▶ _Data excerpt_:
/---
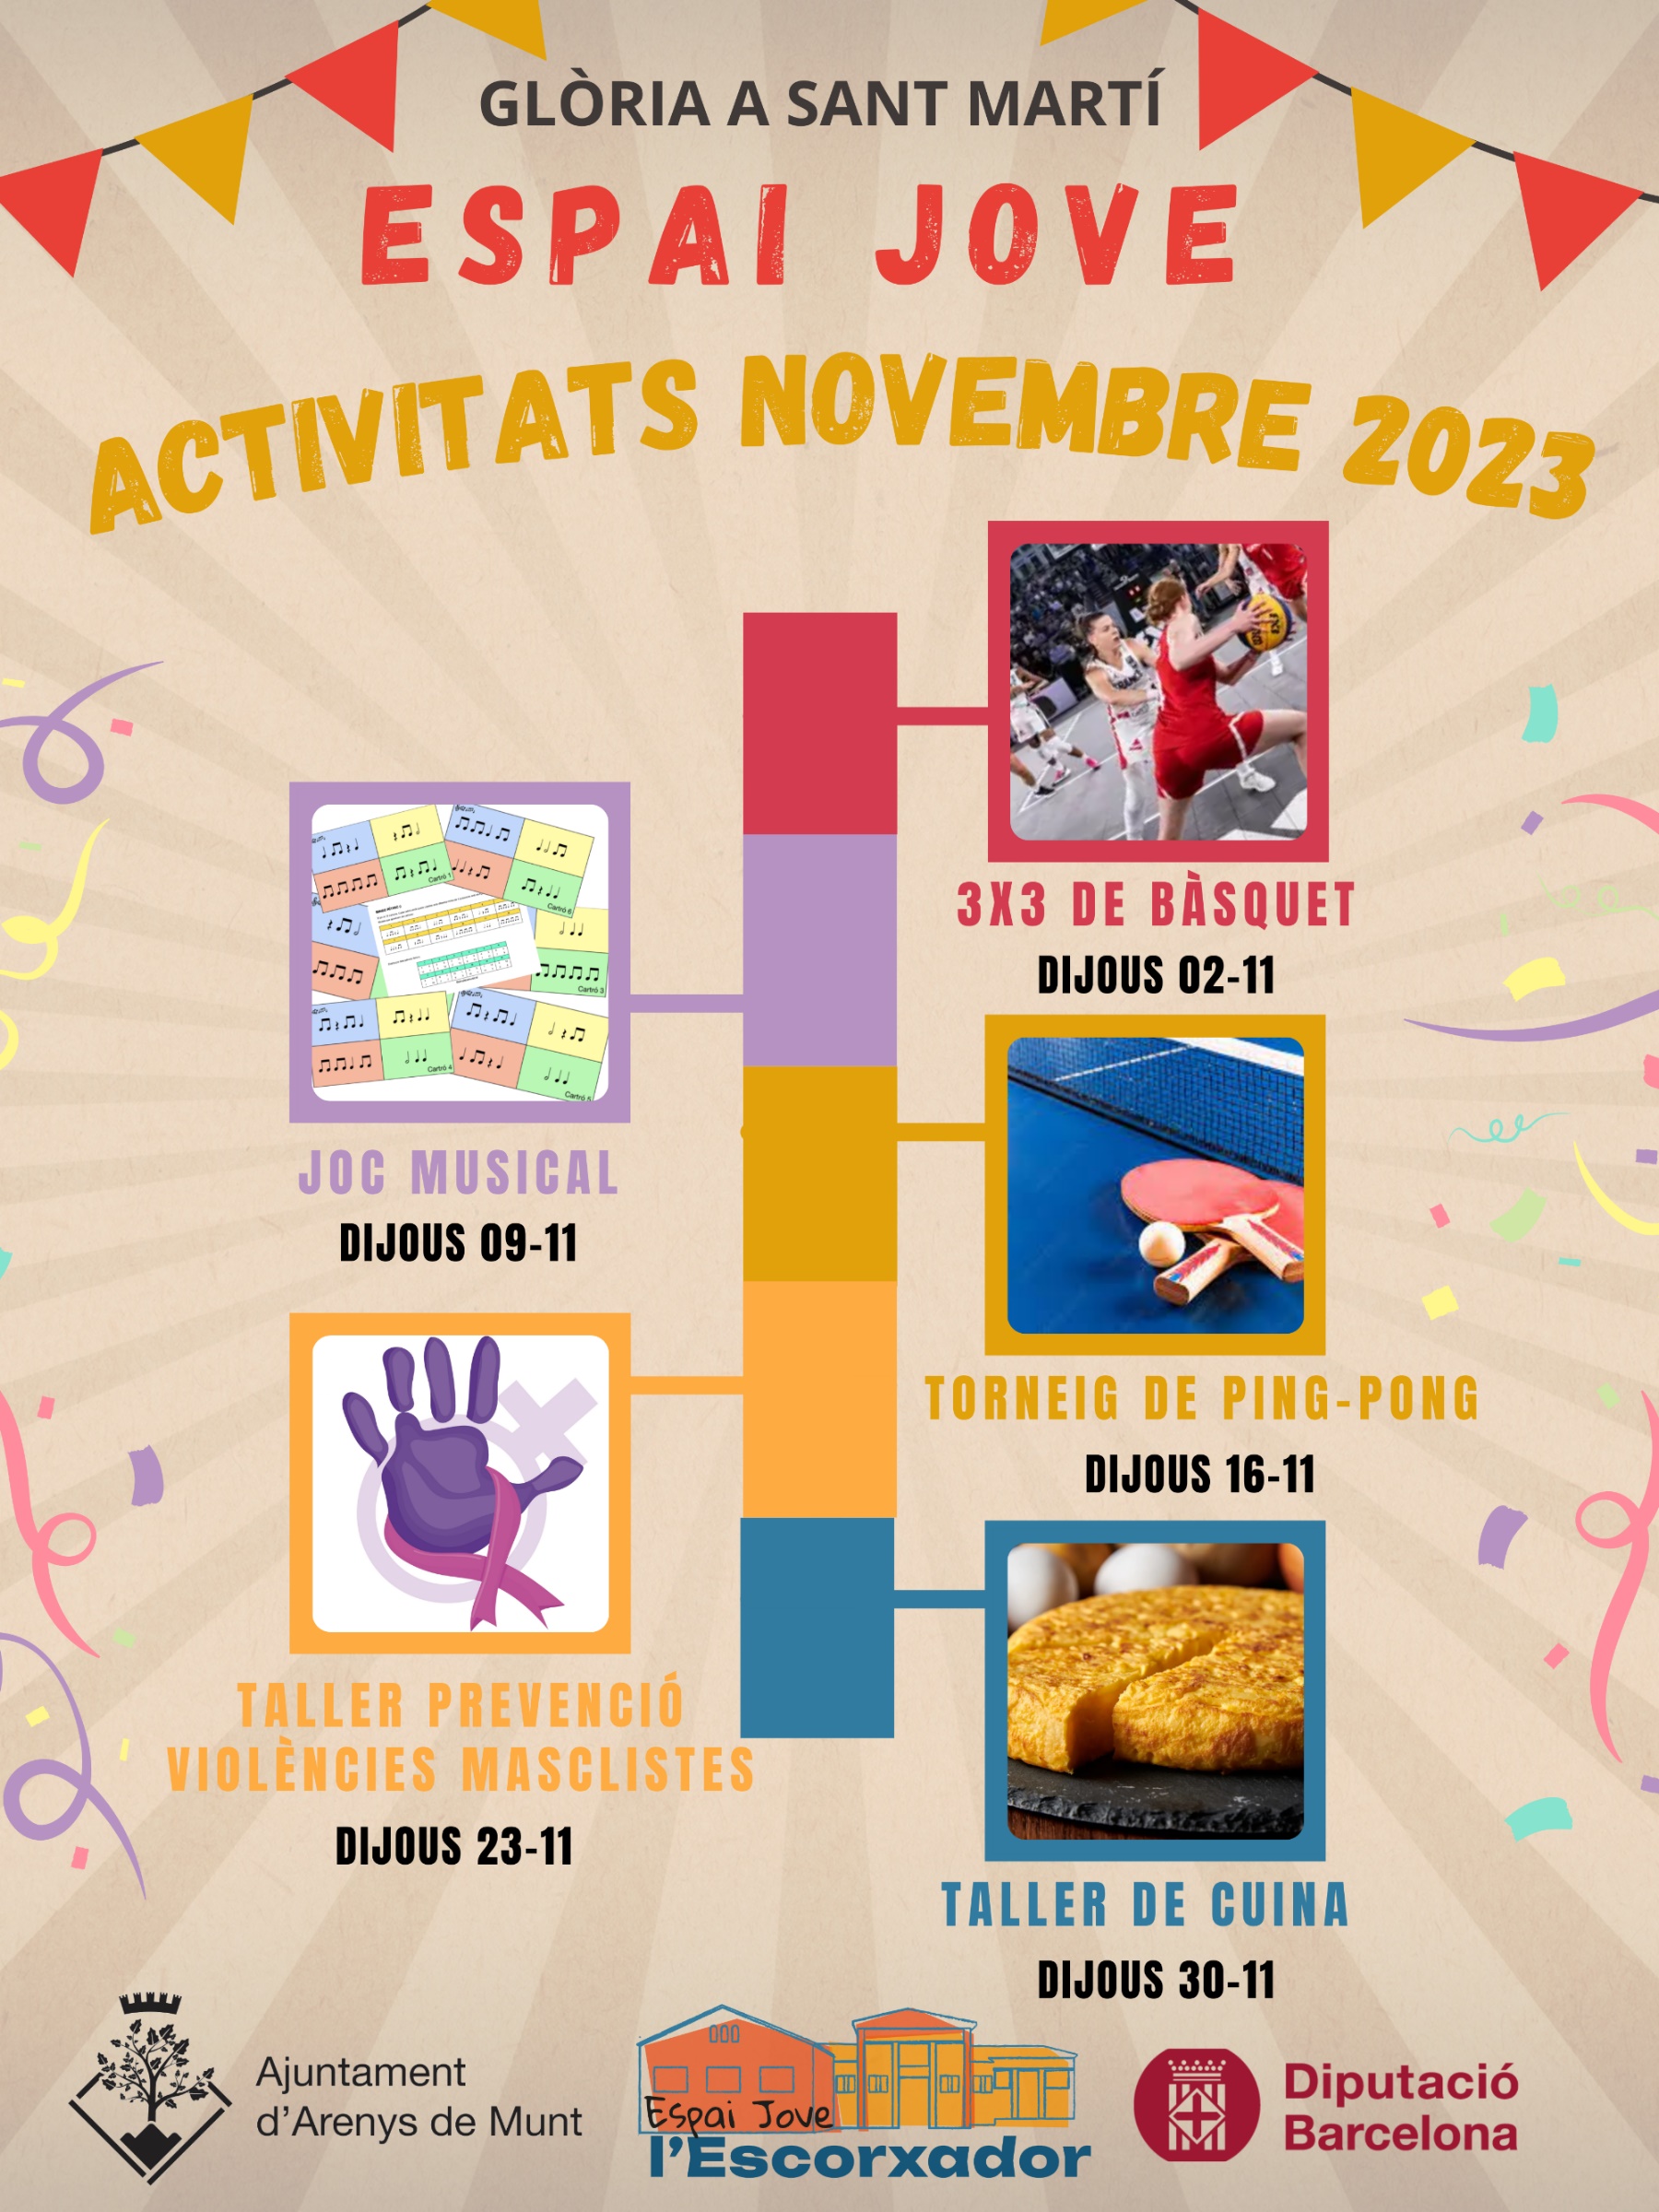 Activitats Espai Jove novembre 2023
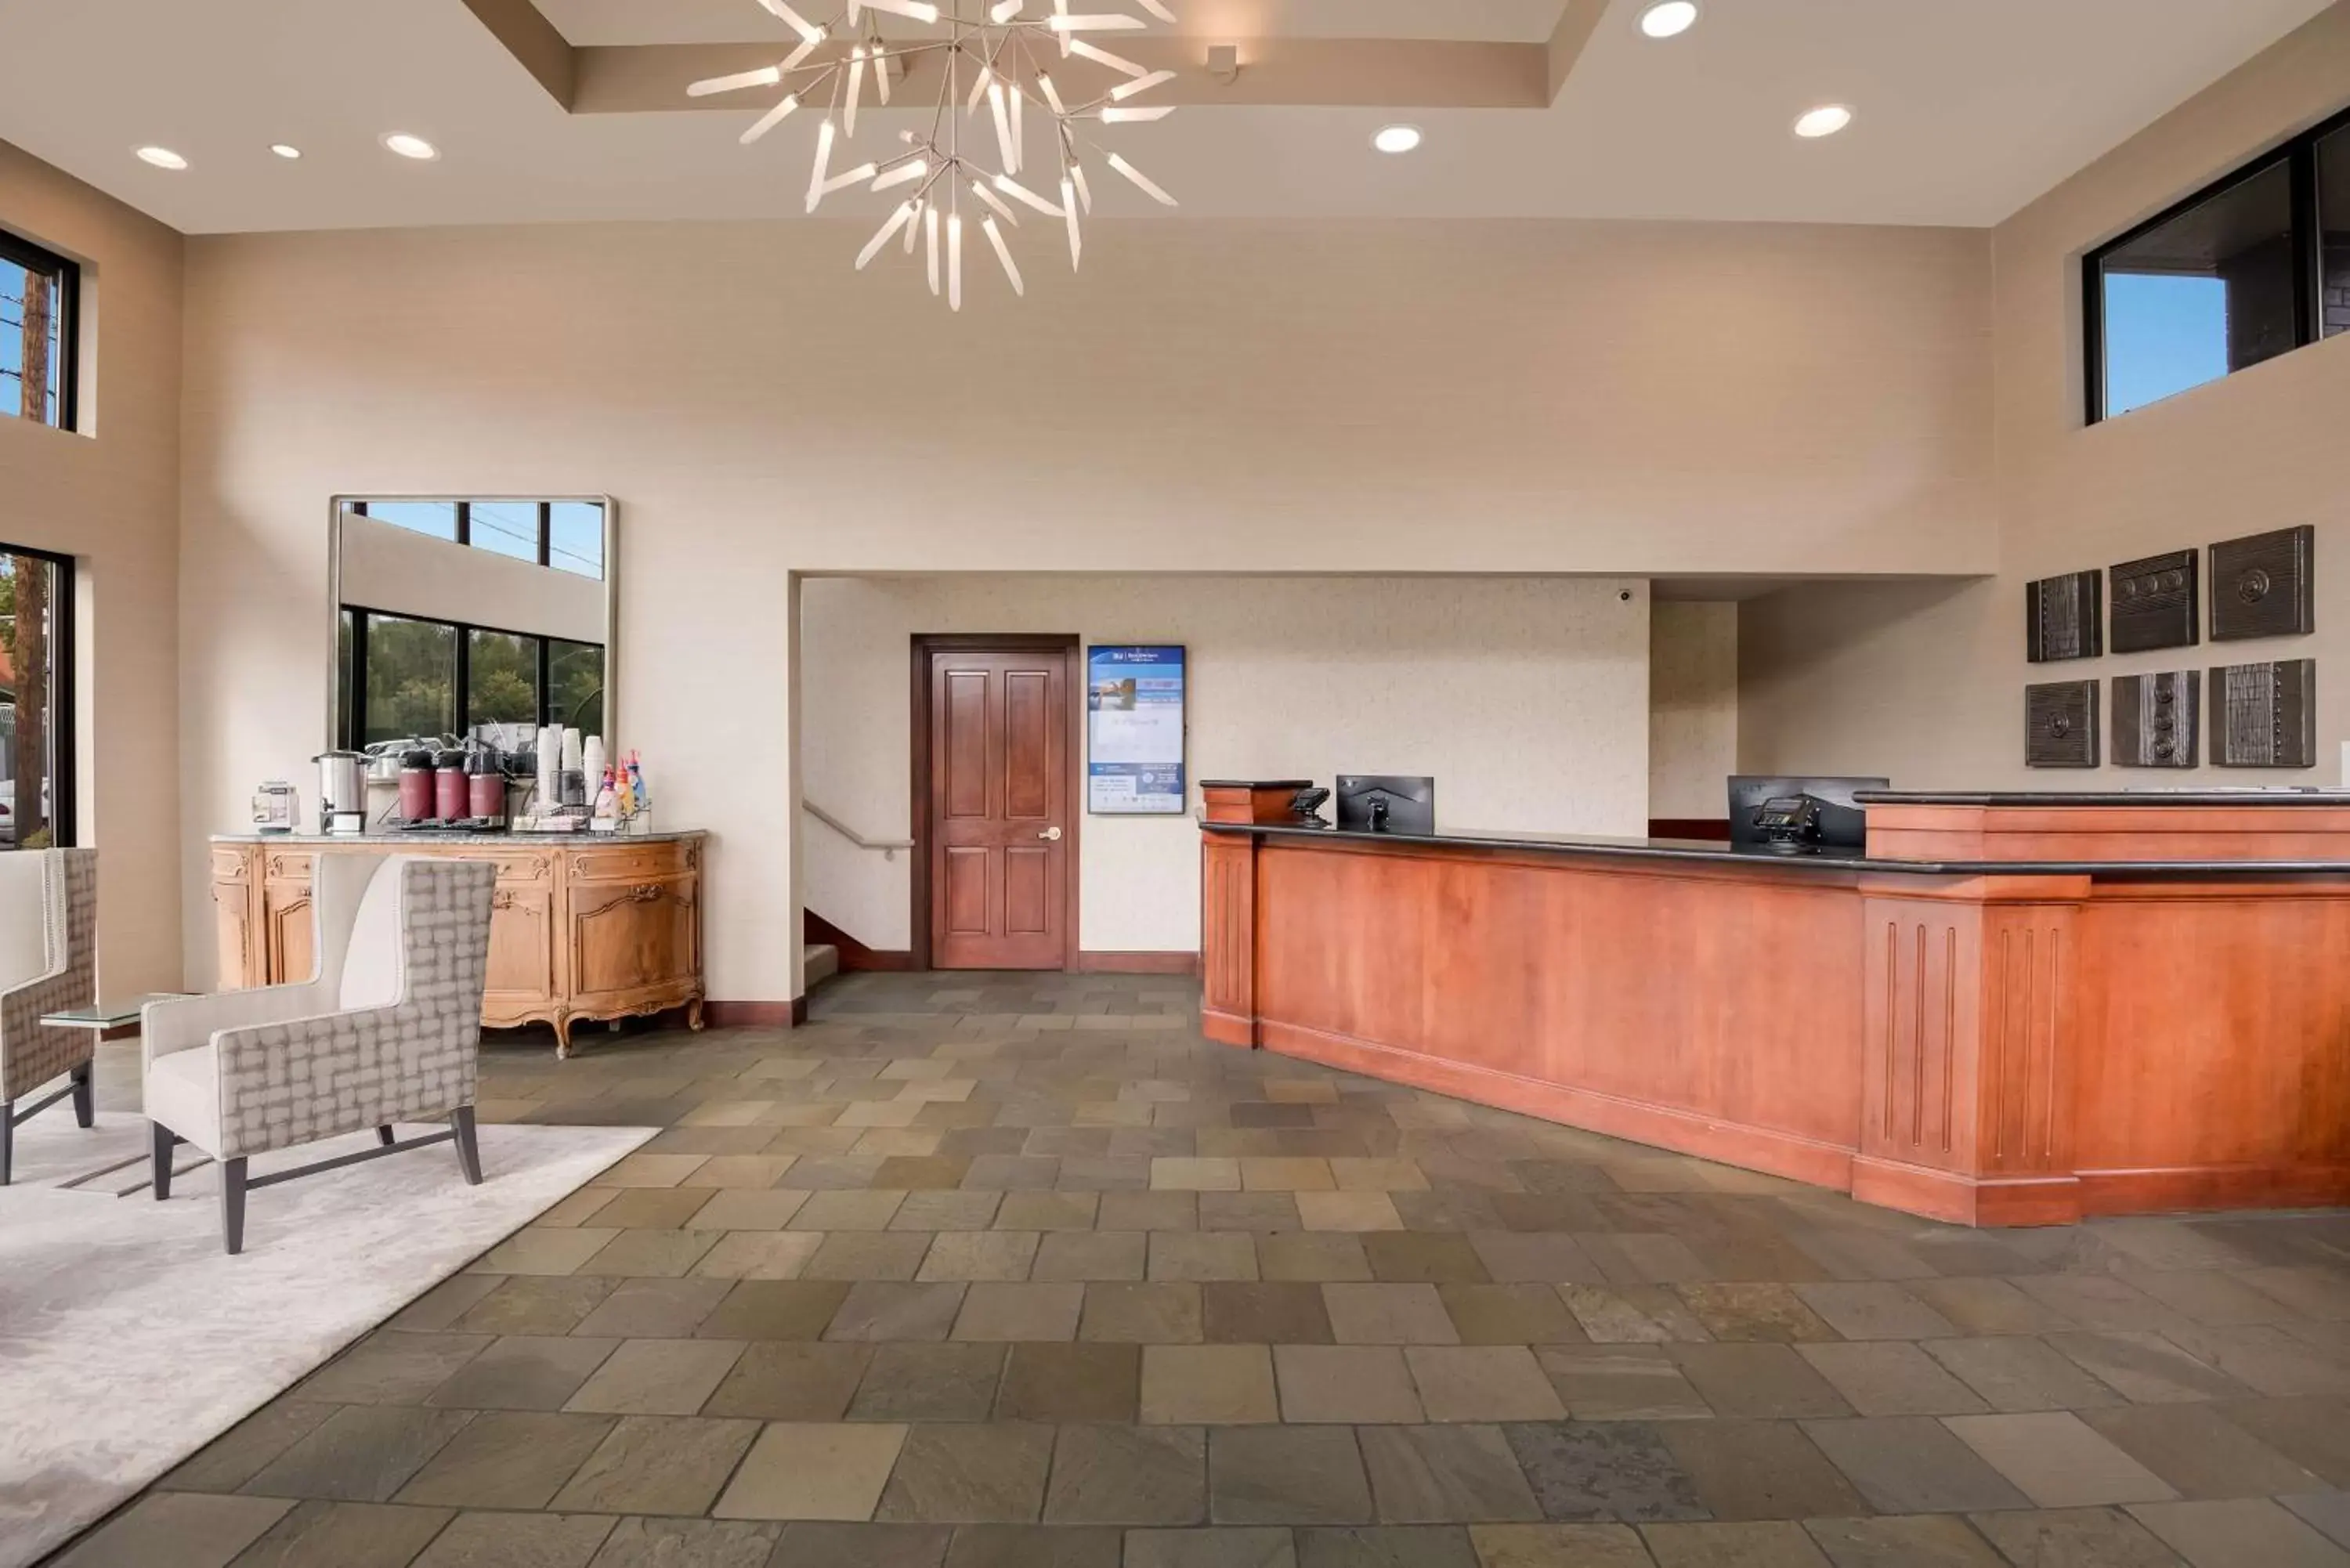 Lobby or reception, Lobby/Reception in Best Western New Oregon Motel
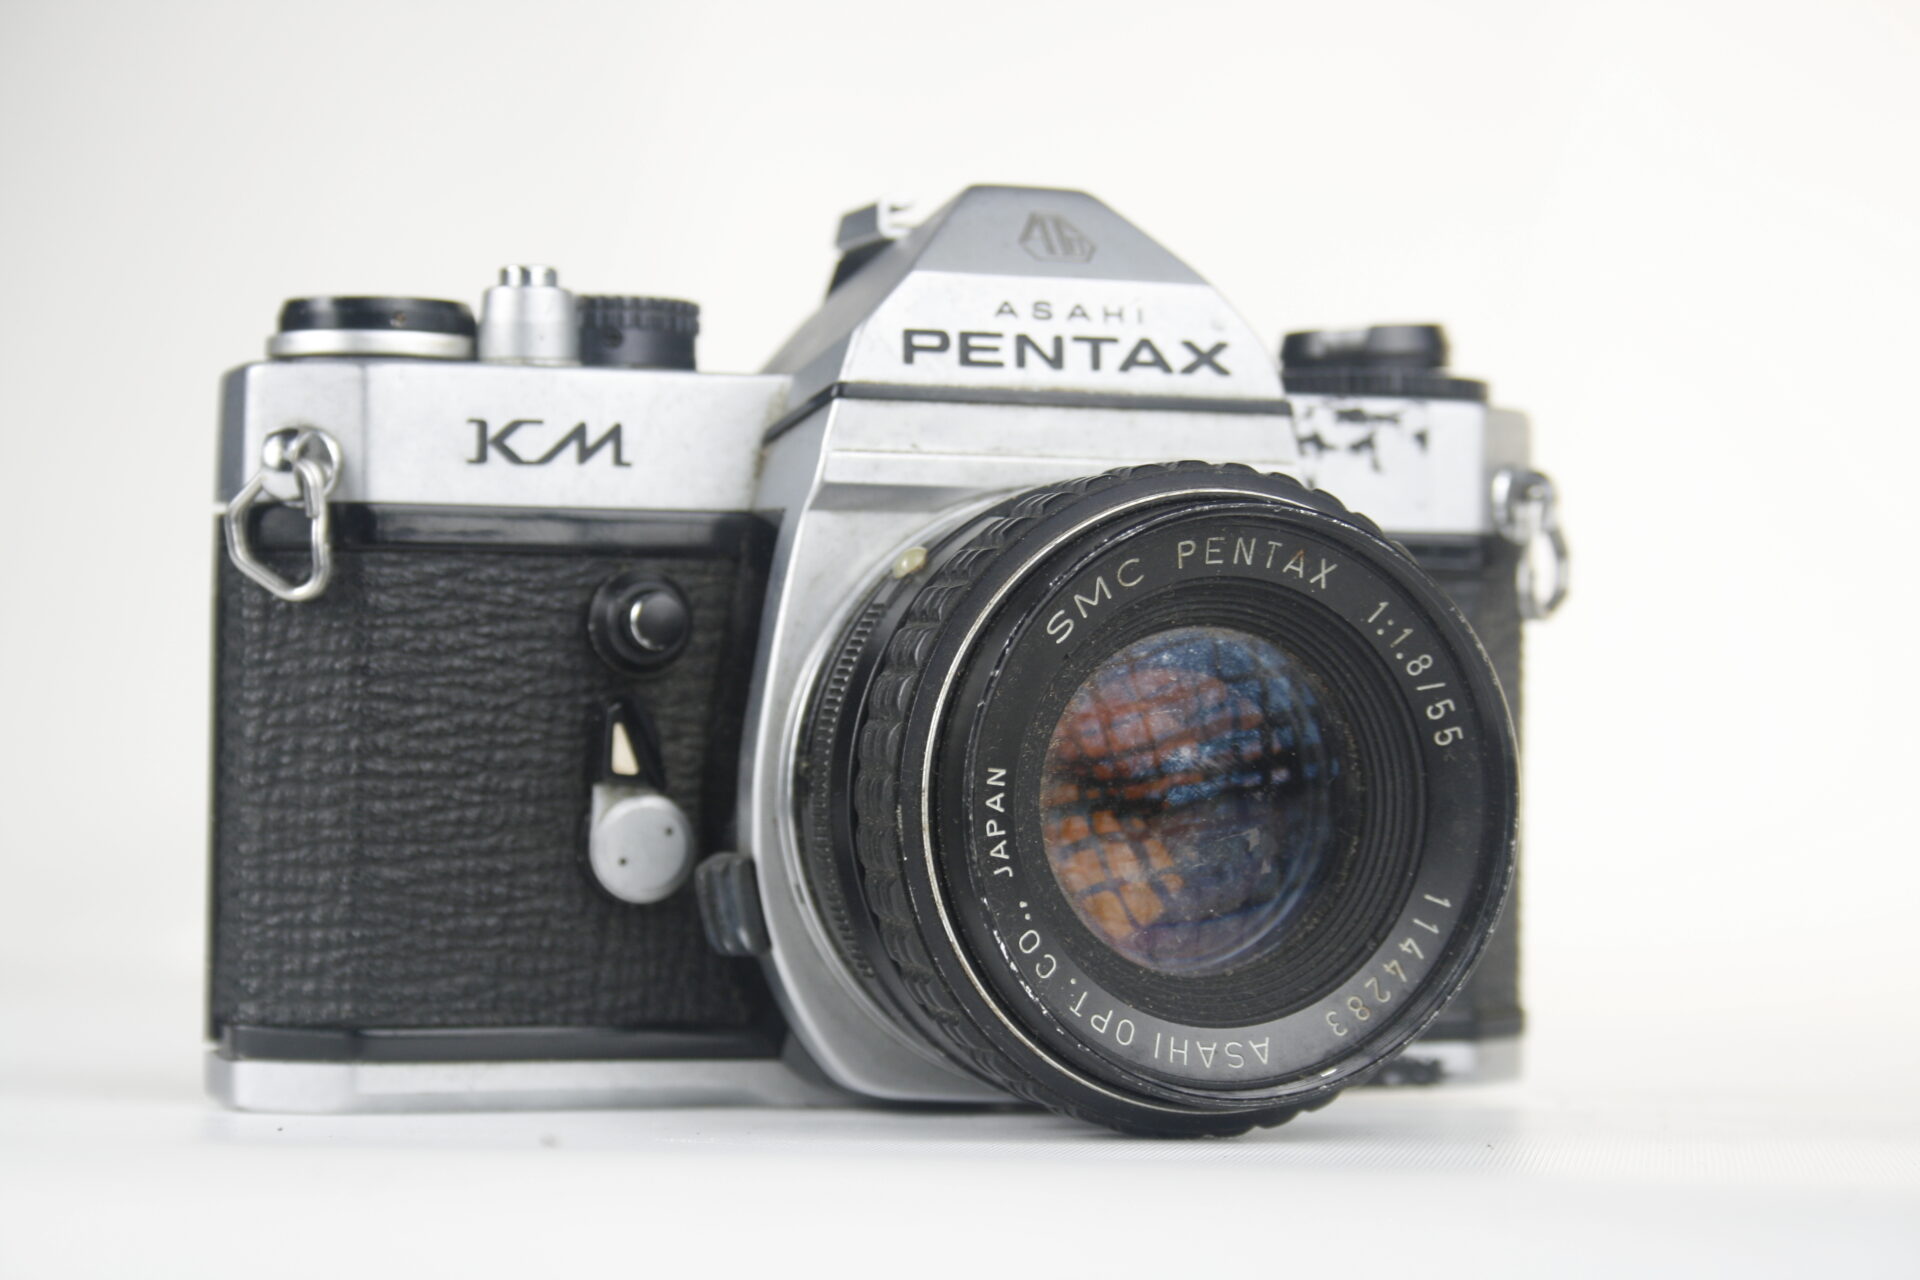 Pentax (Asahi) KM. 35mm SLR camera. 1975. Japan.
\---
▶ _Assignment_: Repeat the material above in full and unchanged, minus its images.

▶ _Written solution_:
 Activitats Espai Jove novembre 2023
 Lobby or reception, Lobby/Reception in Best Western New Oregon Motel
 Pentax (Asahi) KM. 35mm SLR camera. 1975. Japan.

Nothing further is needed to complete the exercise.